Segment Open

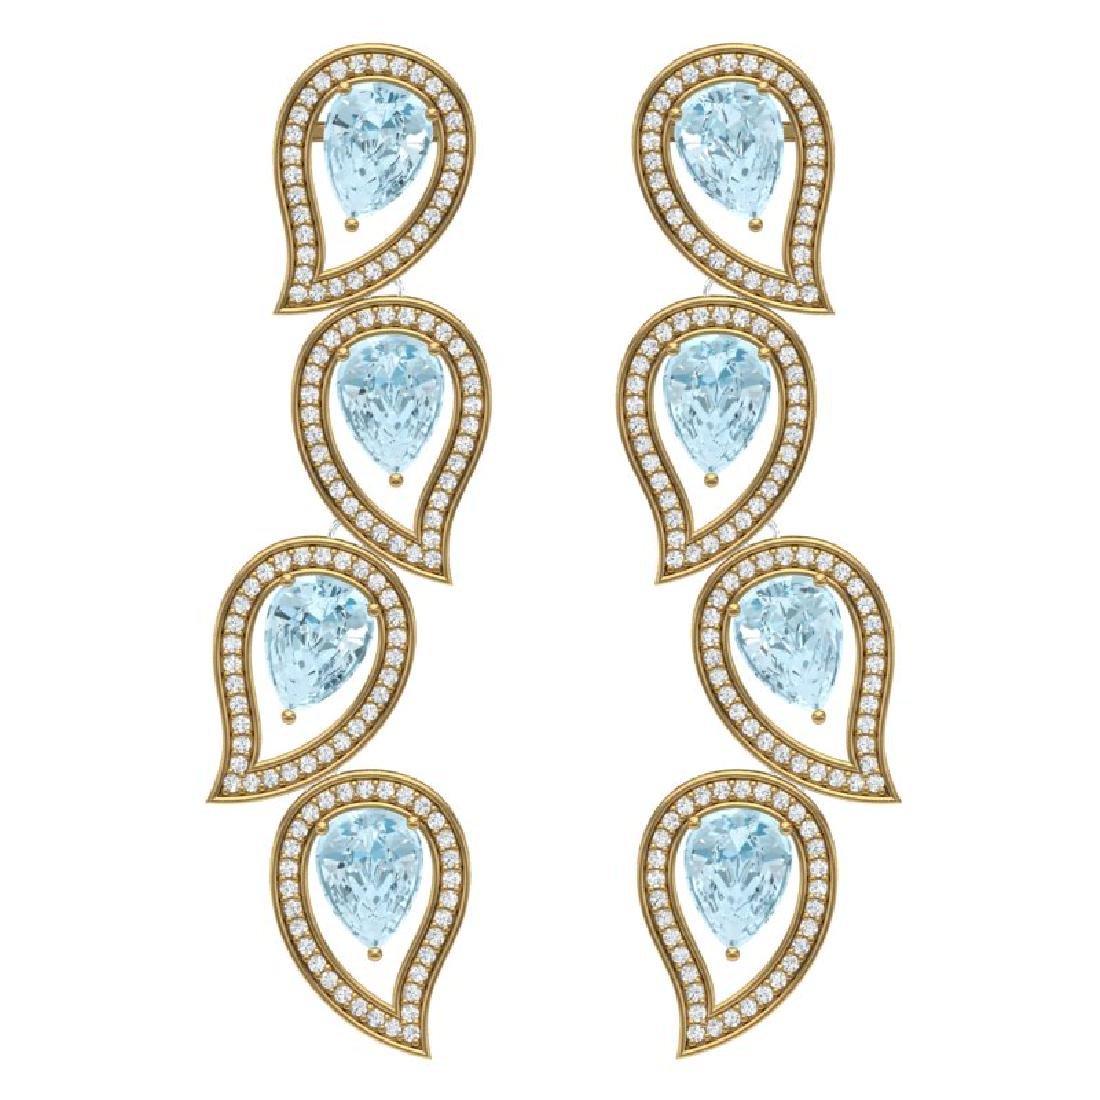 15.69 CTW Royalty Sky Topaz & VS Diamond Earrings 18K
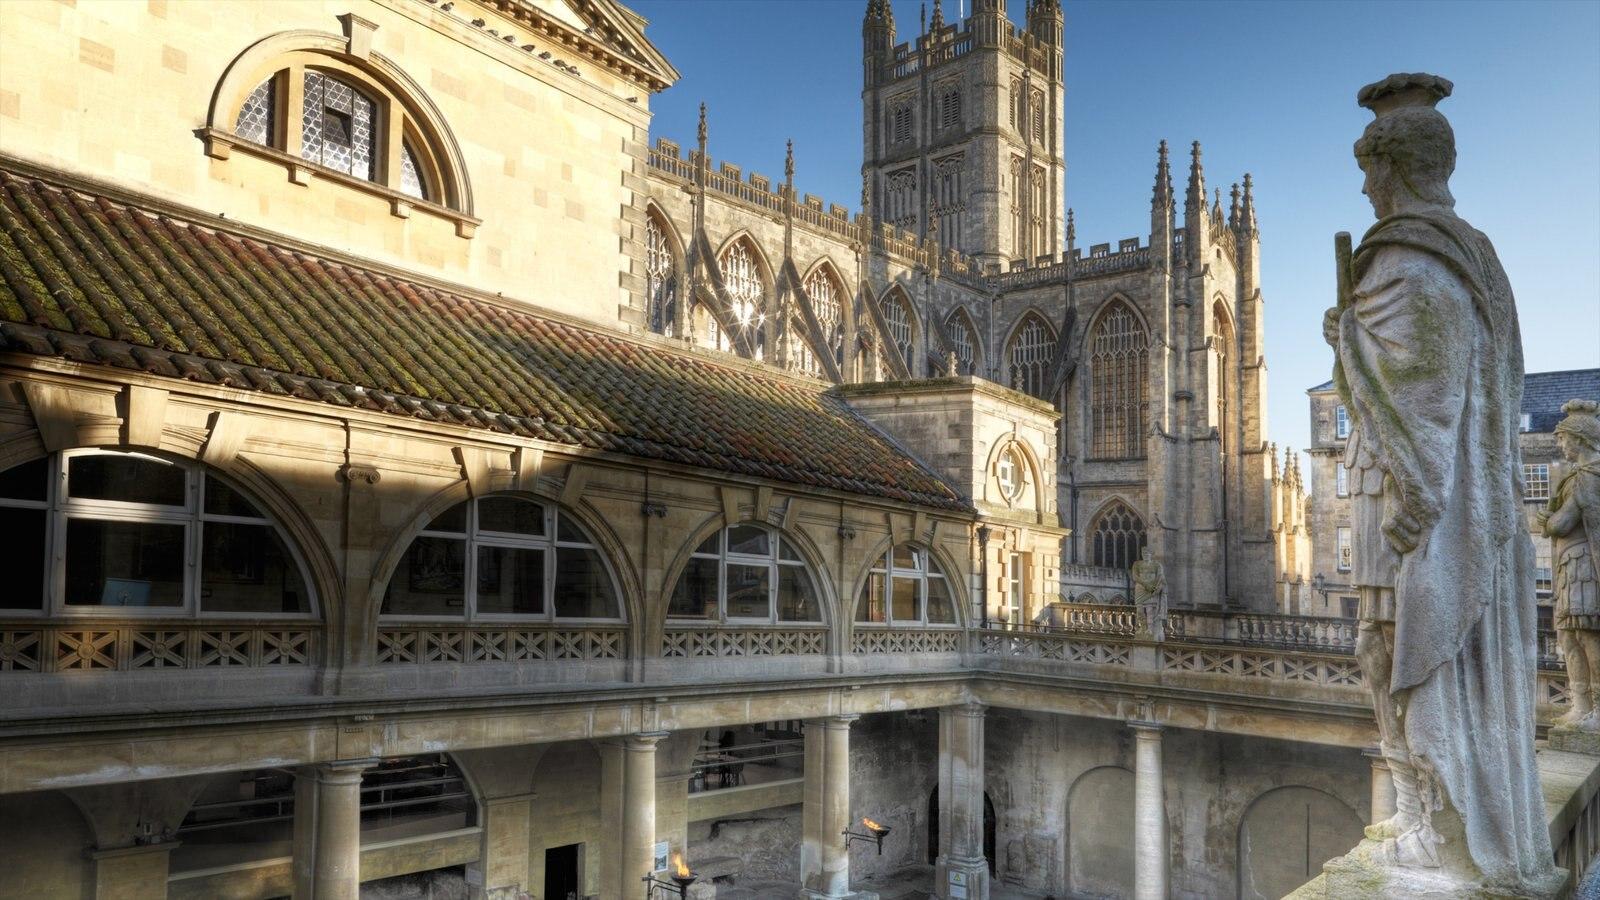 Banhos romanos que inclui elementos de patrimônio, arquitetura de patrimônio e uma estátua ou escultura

Segment Closed
Segment Open

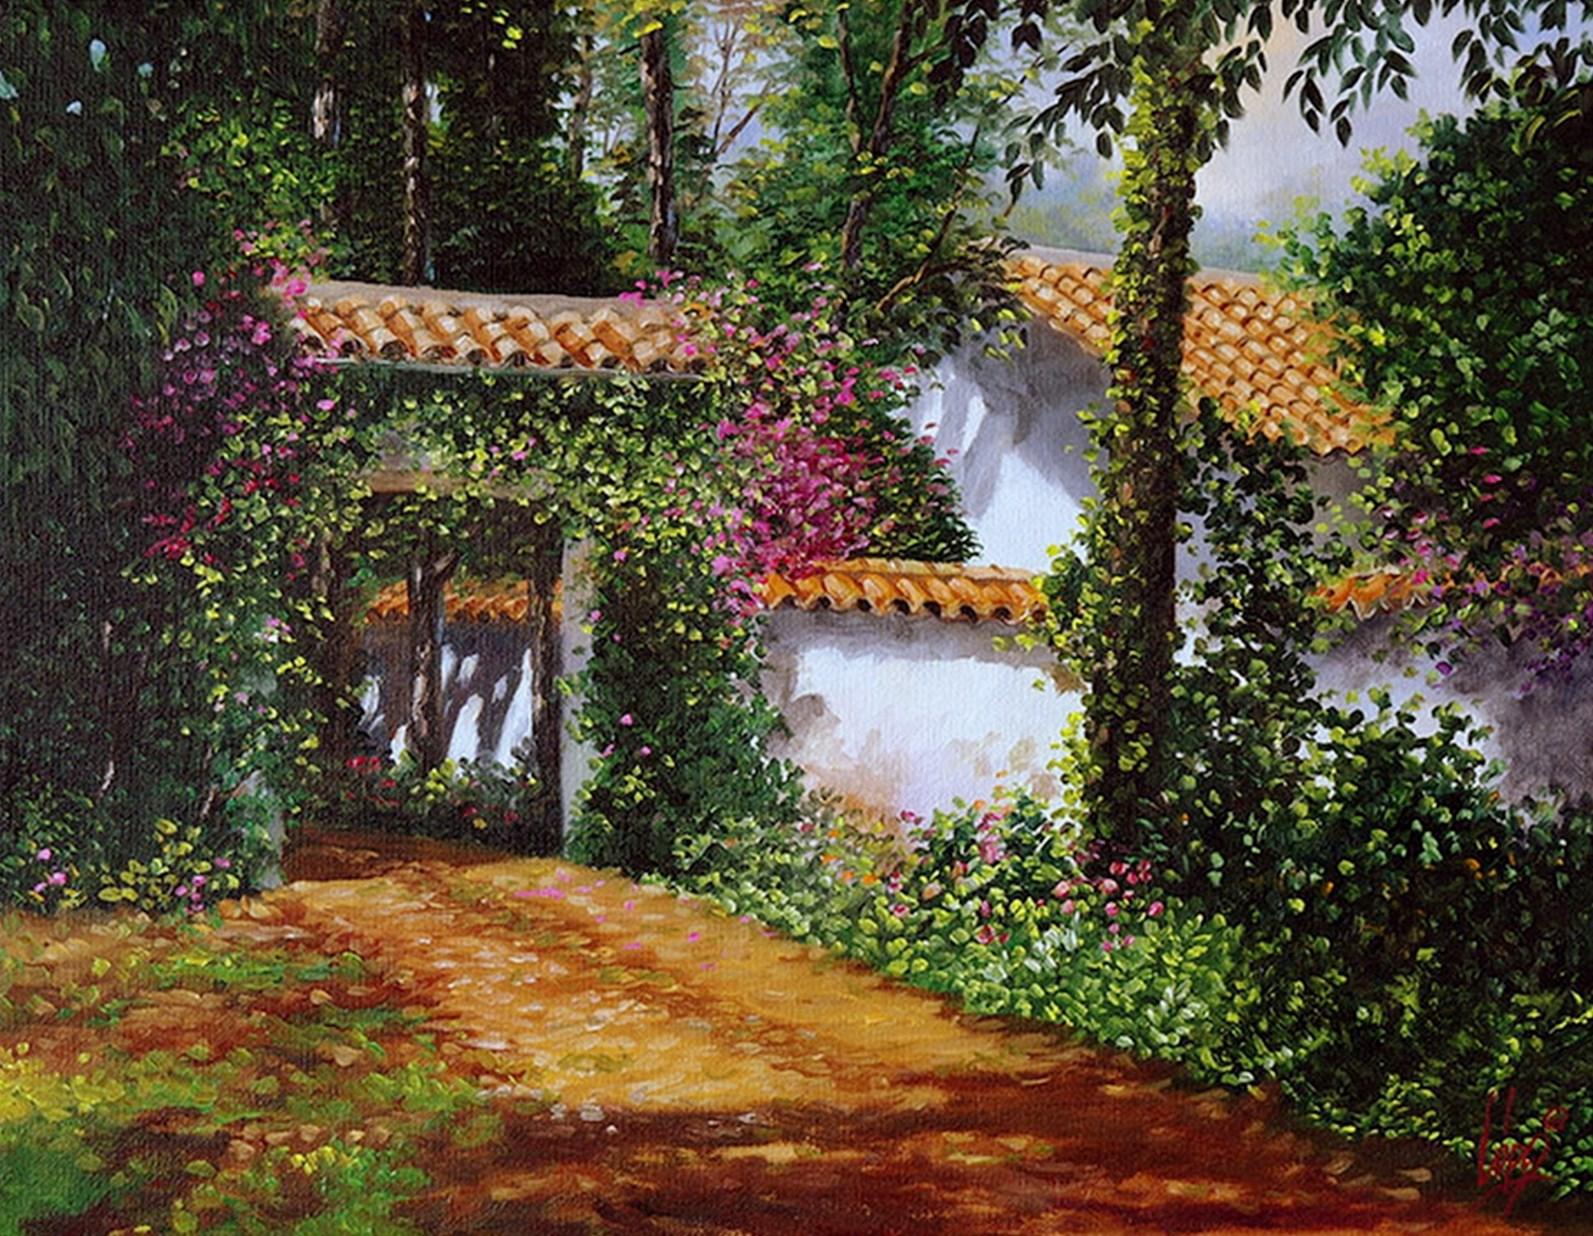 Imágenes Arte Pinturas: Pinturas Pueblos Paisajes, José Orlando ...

Segment Closed

Starting at the line containing "15.69 CTW Royalty" and stopping at the line containing "Banhos romanos que", output each line exactly as it appears above. Leave out the pictures.

> ANSWER FOR THE TASK
 15.69 CTW Royalty Sky Topaz & VS Diamond Earrings 18K
 Banhos romanos que inclui elementos de patrimônio, arquitetura de patrimônio e uma estátua ou escultura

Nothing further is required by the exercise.